И в этой тишине предшествующей кровавой развязке со стороны входа в заброшенную трансформаторную будку послышался грозный рык. Этот звук заставил именуемого – Щеглом, повернуться назад…
На пороге трансформаторной будки стоял бездомный пес, остроносый, с грязной покрытой колтунами и шишабарами рыжей шерстью, размером чуть больше кошки….
Щегол дико заржал, и перекинув нож выкидуху из правой руки в левую сделал еще один шаг в мою сторону, готовый нанести молниеносный удар. Он не видел, как за его спиной появился еще один бездомный пес – совершенно белый, излишне тощий, но действительно крупный, пожалуй, я никогда не видел таких больших собак, действуя в отличие от своего собрата совершенно беззвучно он в два прыжка одолел расстояние, разделяющее нас с моим врагом, и уже на излете вцепился в горло Щегла, вырвав оное с одного укуса. Заливая багровой артериальной кровью своего дружка находящегося без сознания и связанную визжащую девушку с темными волосами Щегол выронив нож-выкидуху из своих внезапно ослабевших рук рухнул на грязный пол также как до этого его приятель.

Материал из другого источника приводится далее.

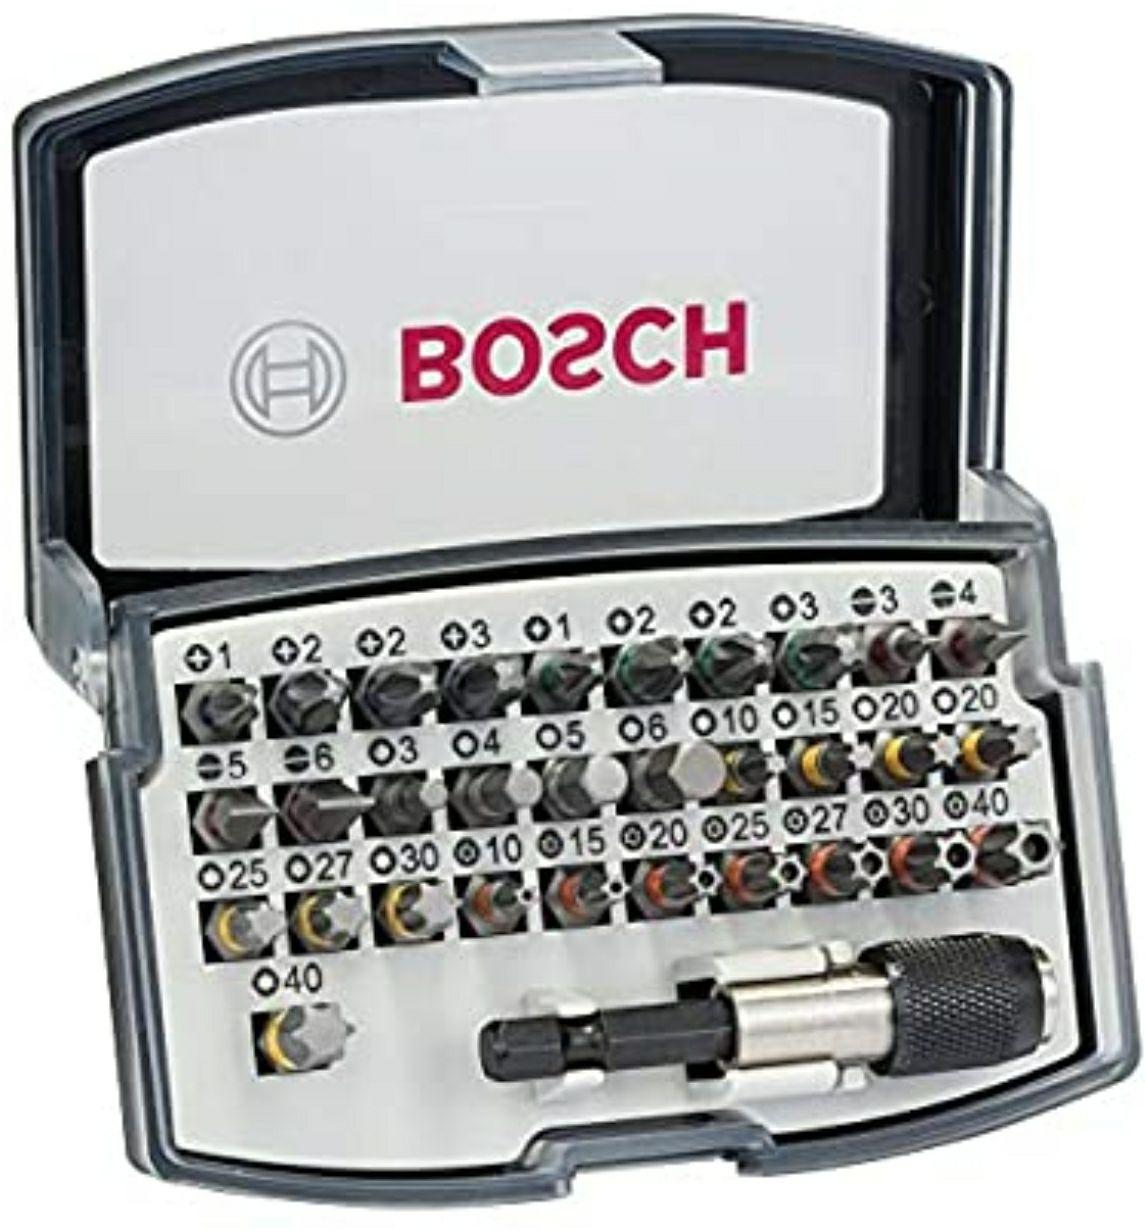 [Amazon.nl] Bosch Professional 32-delige schroefbitset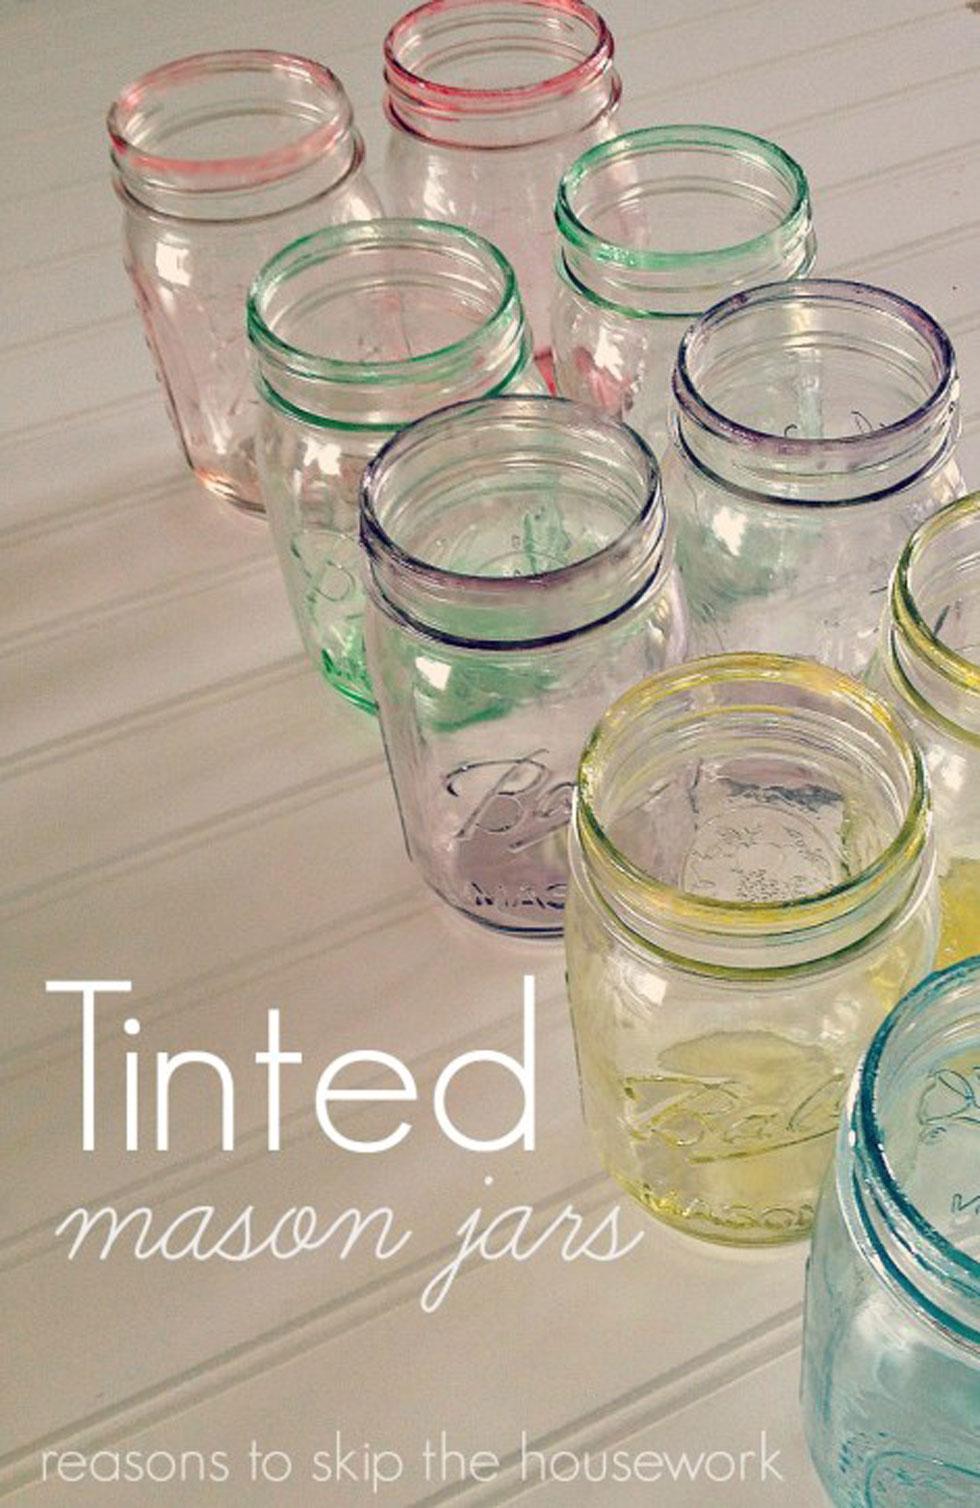 Easter Mason Jars Spring Mason Jar Craft Ideas. 15 Amazing Handmade Mason Jar Organization Ideas That Can Help You

Все закончено, большой белый пес подошел ко мне и уткнулся своим носом в мою ладонь, совсем так, как это было десять лет назад, когда я и Вовка жили в пионерском лагере и ходили к прогнившему дырявому забору кормить бездомных собак.
– Здравствуй друг, – прохрипел я. А пес промолчал, только завилял обрубком своего белого хвоста.
Ножом – выкидухой, запачканным кровью Щегла я разрезал самодельные веревки, стягивающие руки и держащие ноги темноволосой девушки. Медленно поднял ее с грязного бетона и завернув в свою кожаную куртку которая была ей ниже колен обнял и прижал к себе, ее трясло словно под током, глаза полны слез, а лицо все в крови, ее собственной и крови Щегла.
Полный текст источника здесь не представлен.